# DATA EXTRACT:
========

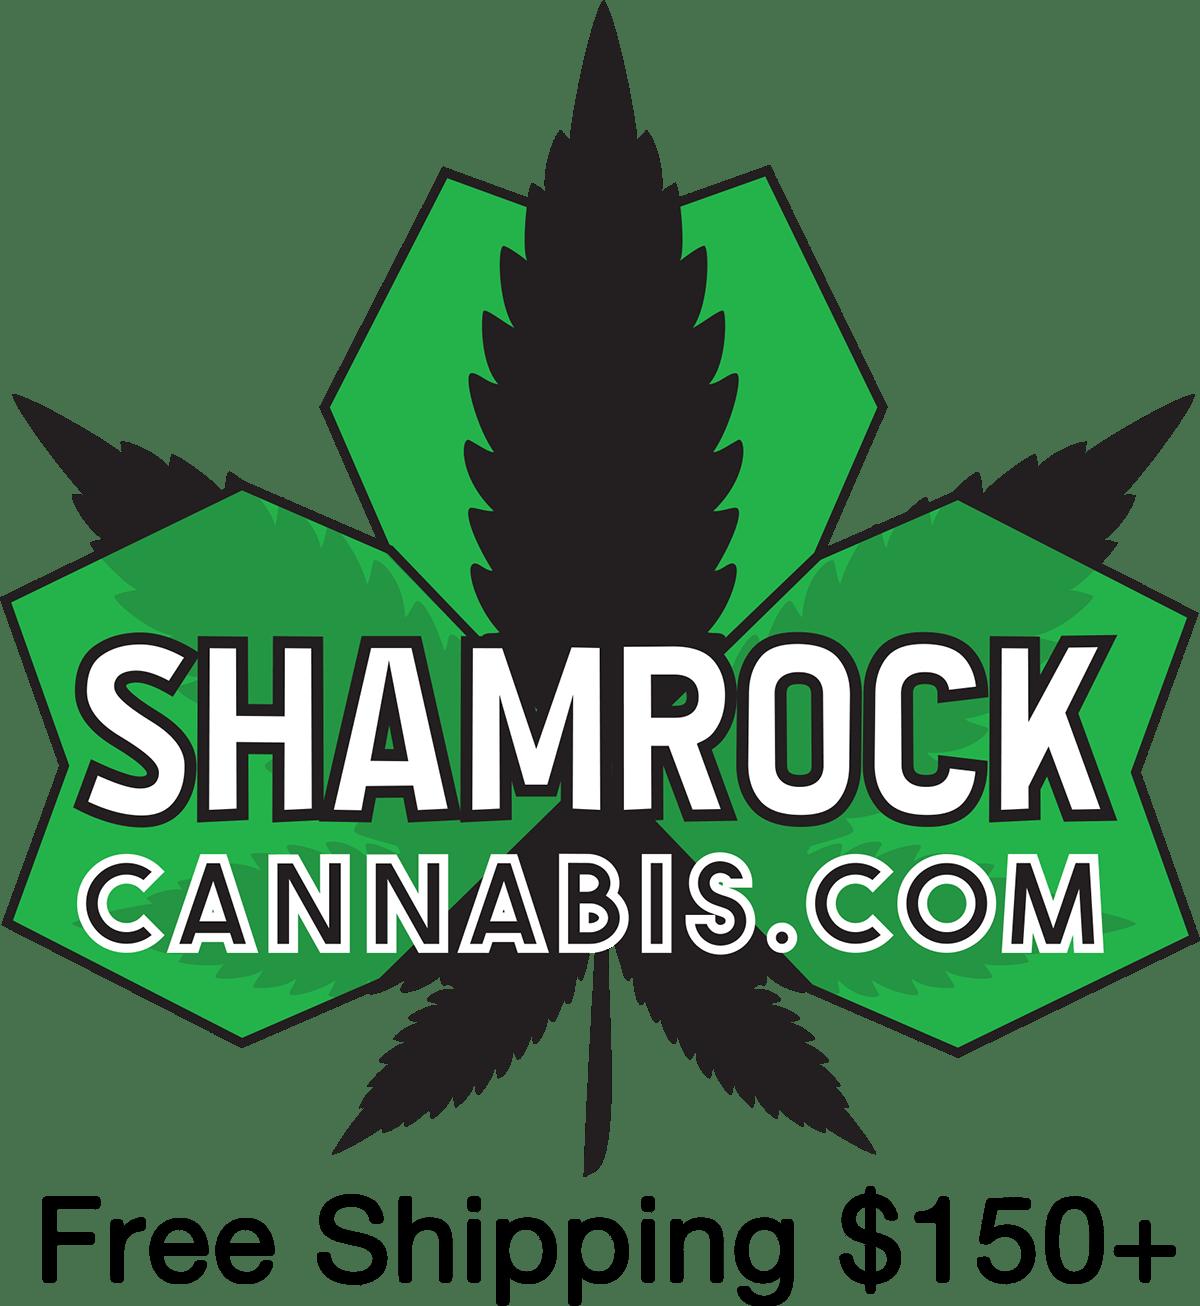 Shamrock Cannabis
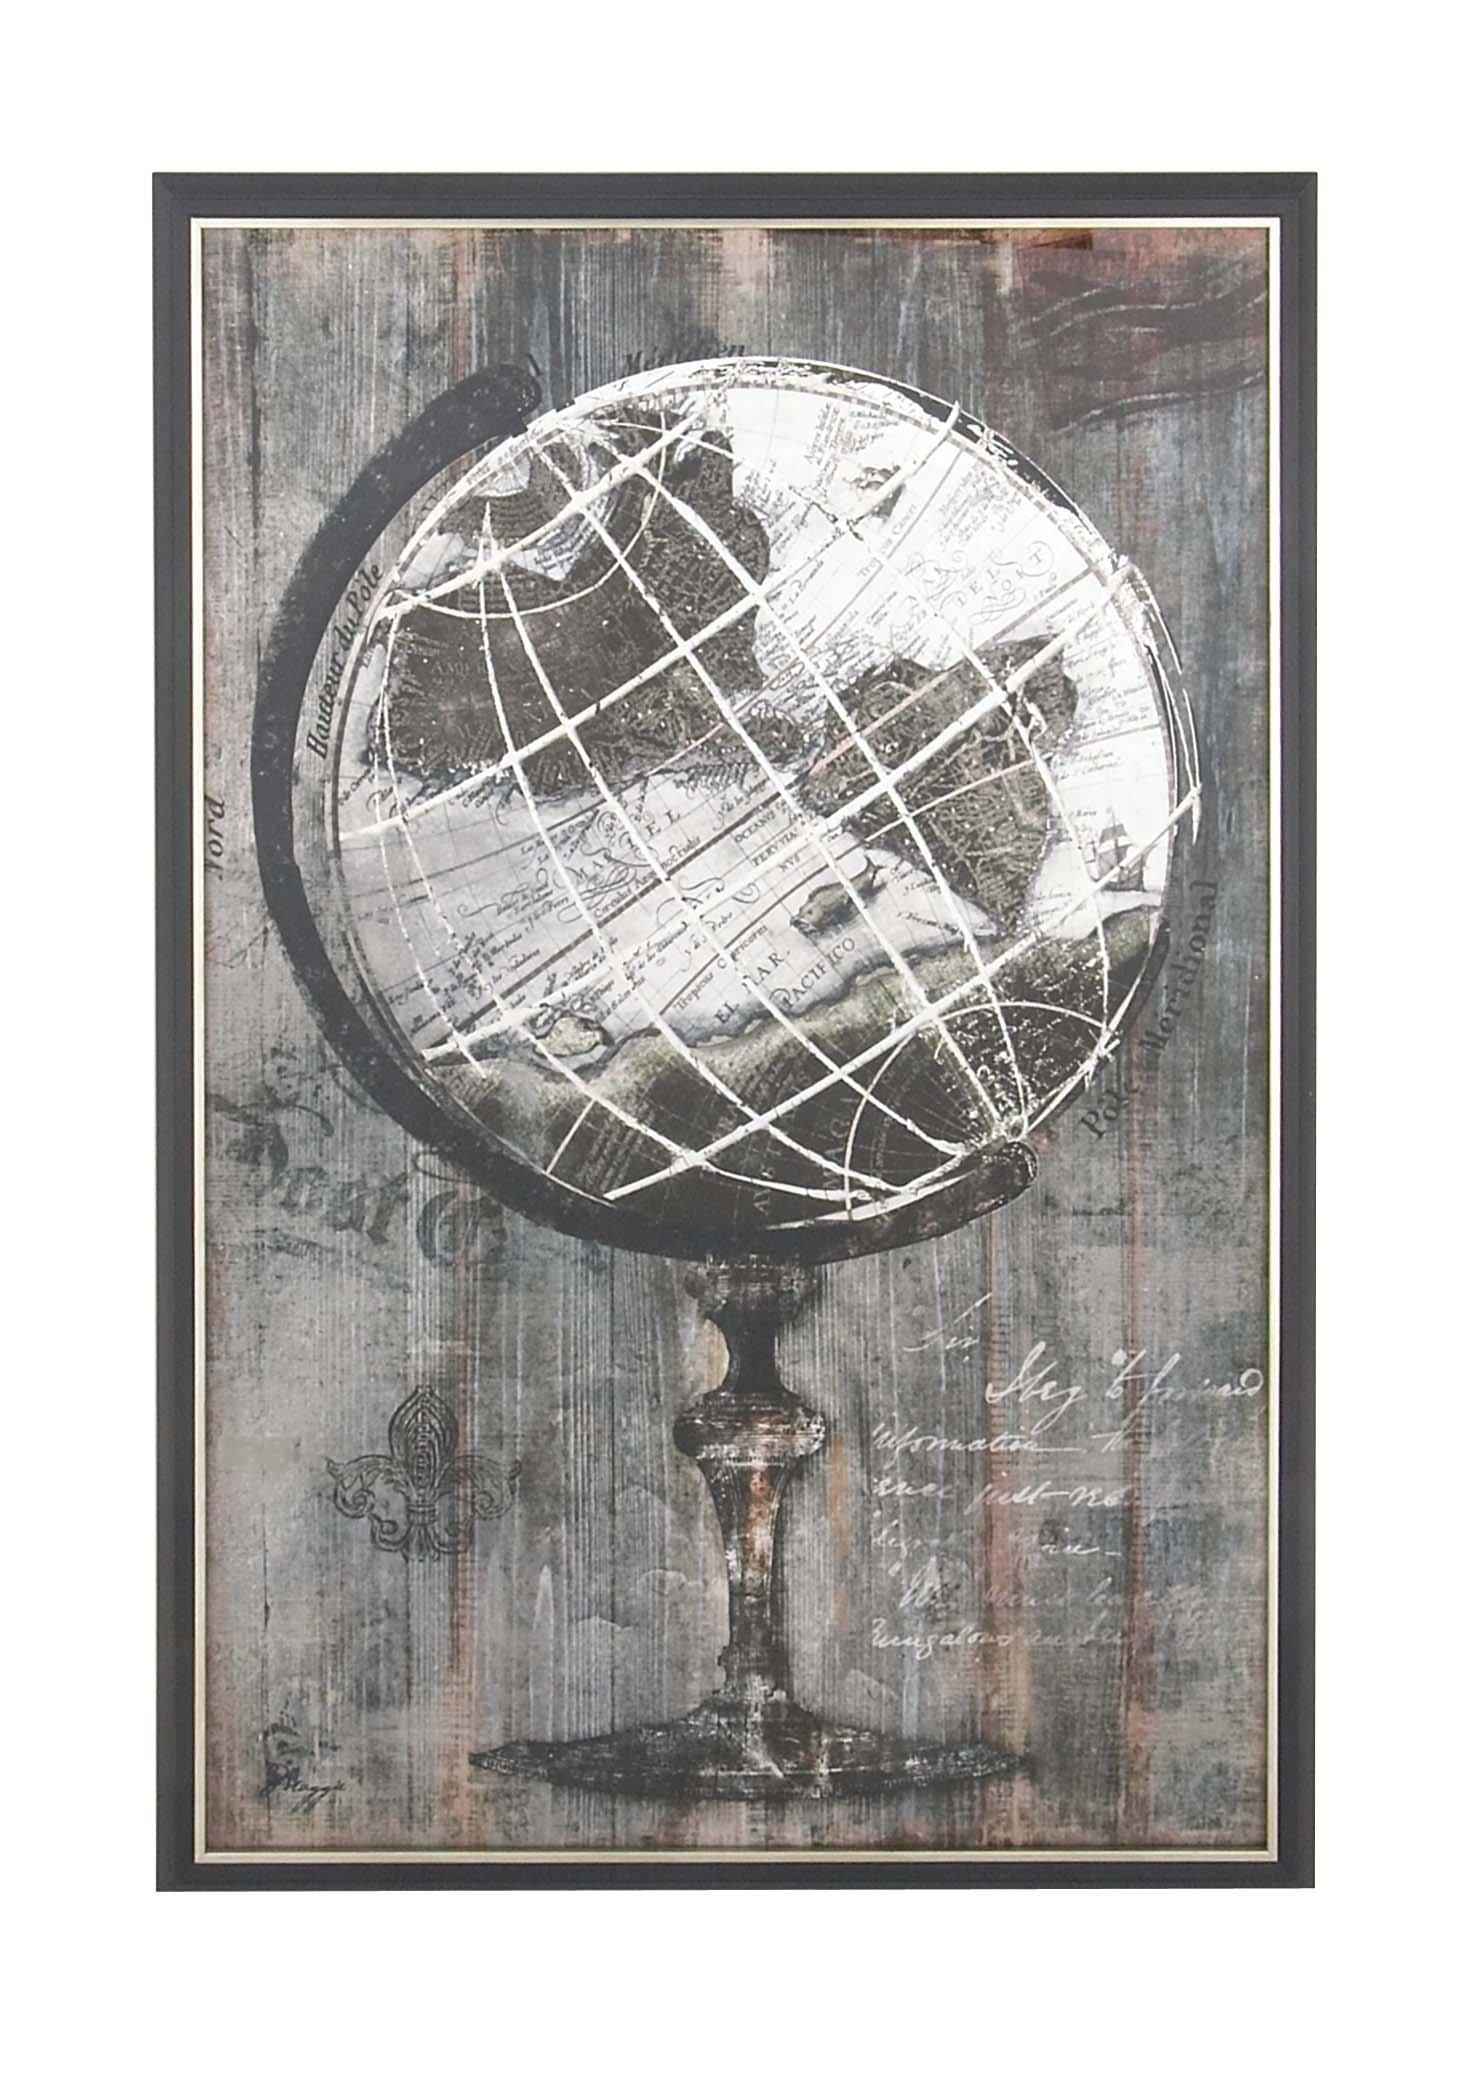 Deco 79 36660 Canvas Wall Art Black/Gray by Deco 79
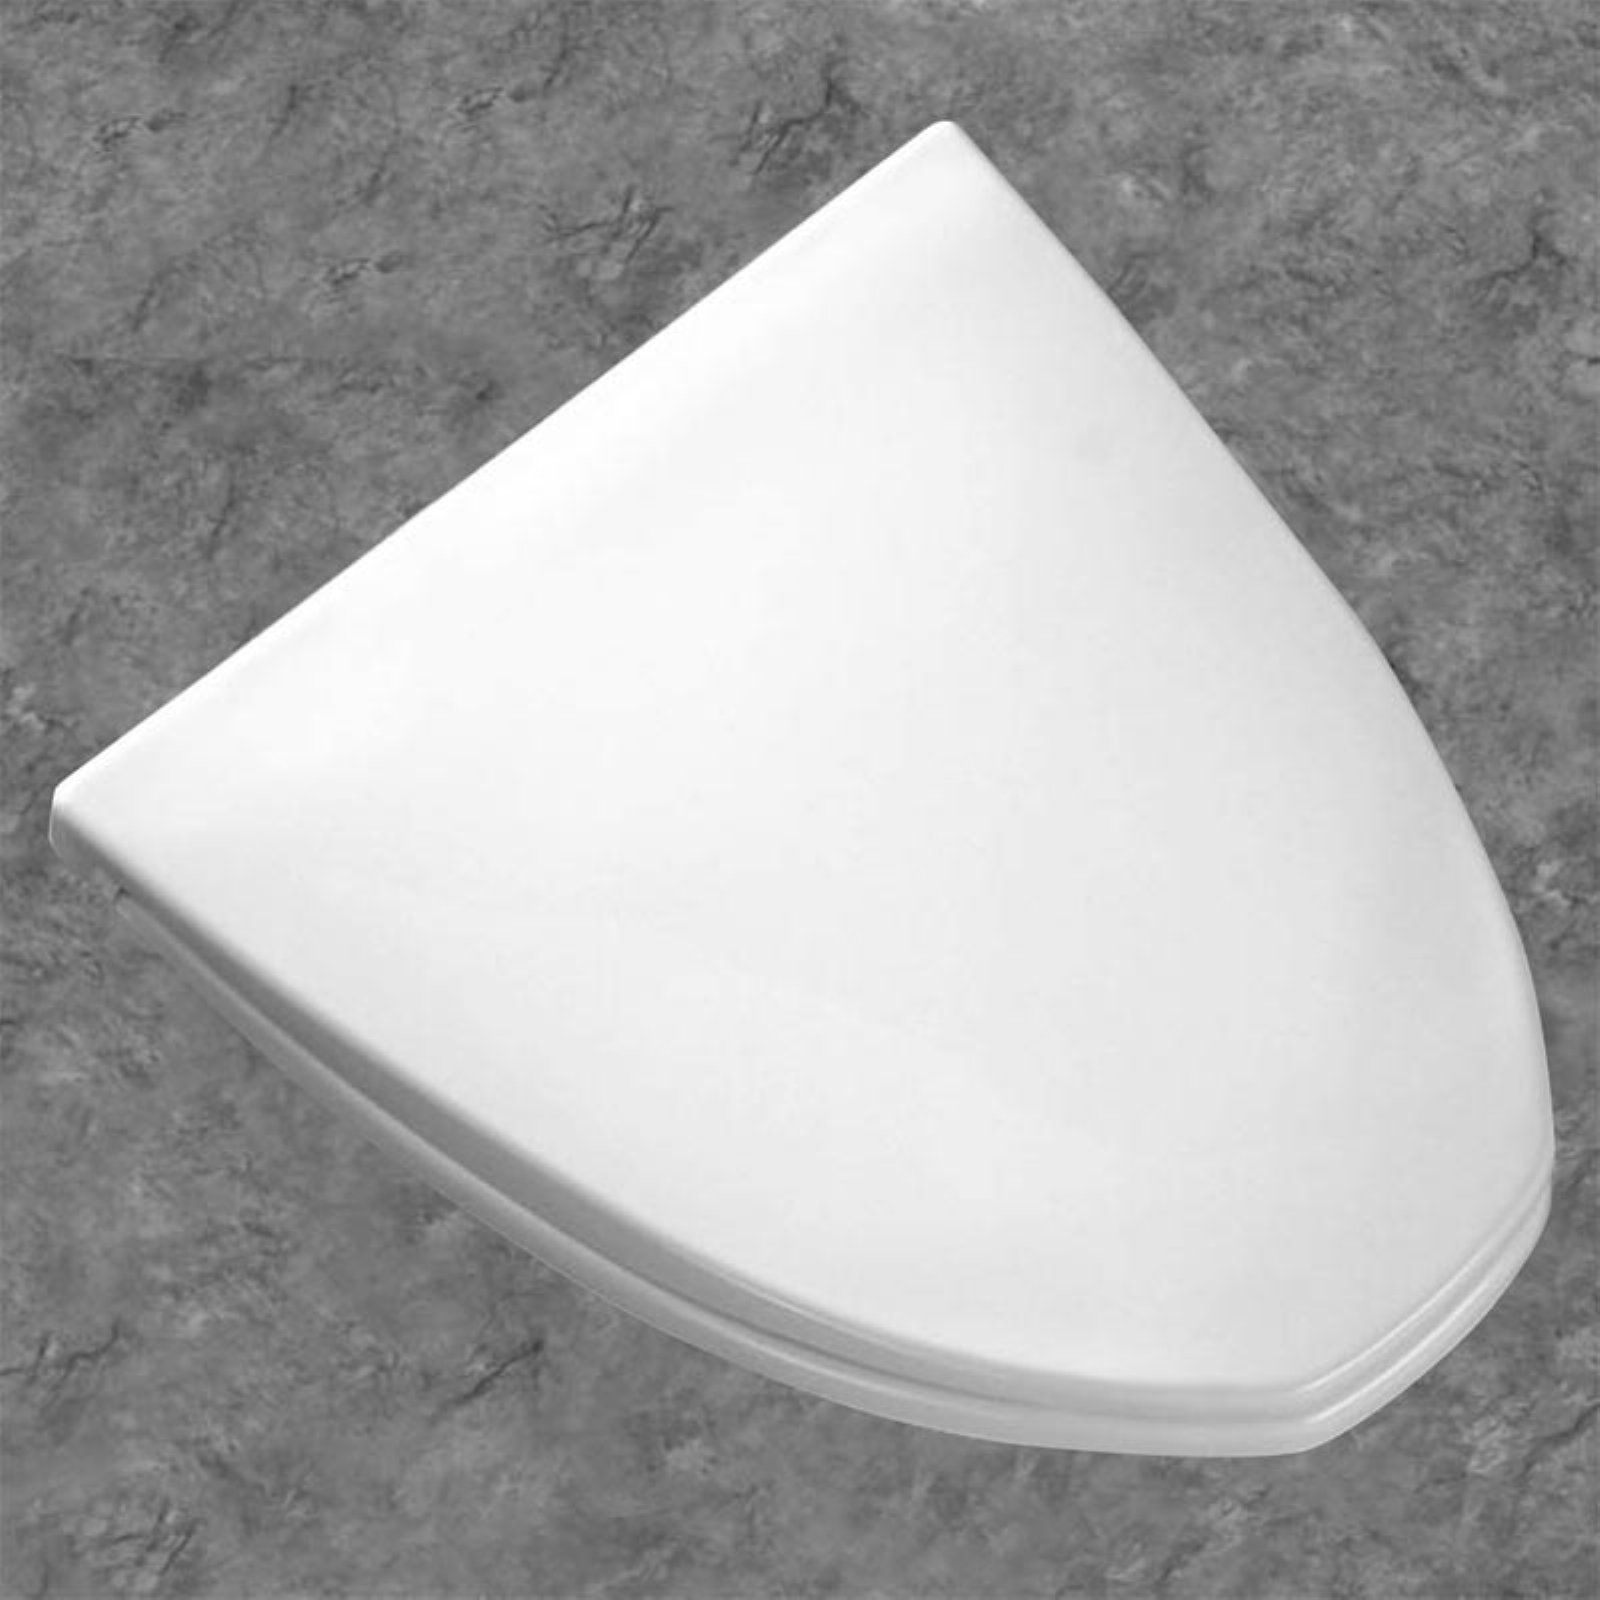 Bemis LC212 for Elongated American Standard Toilet Seat

========

# PROBLEM REQUIREMENTS:
Return exactly the lines from the line with "Deco 79 36660" through the last line of the data above, both included; pictures do not go in the answer.

# OUTPUT BELOW:
 Deco 79 36660 Canvas Wall Art Black/Gray by Deco 79
 Bemis LC212 for Elongated American Standard Toilet Seat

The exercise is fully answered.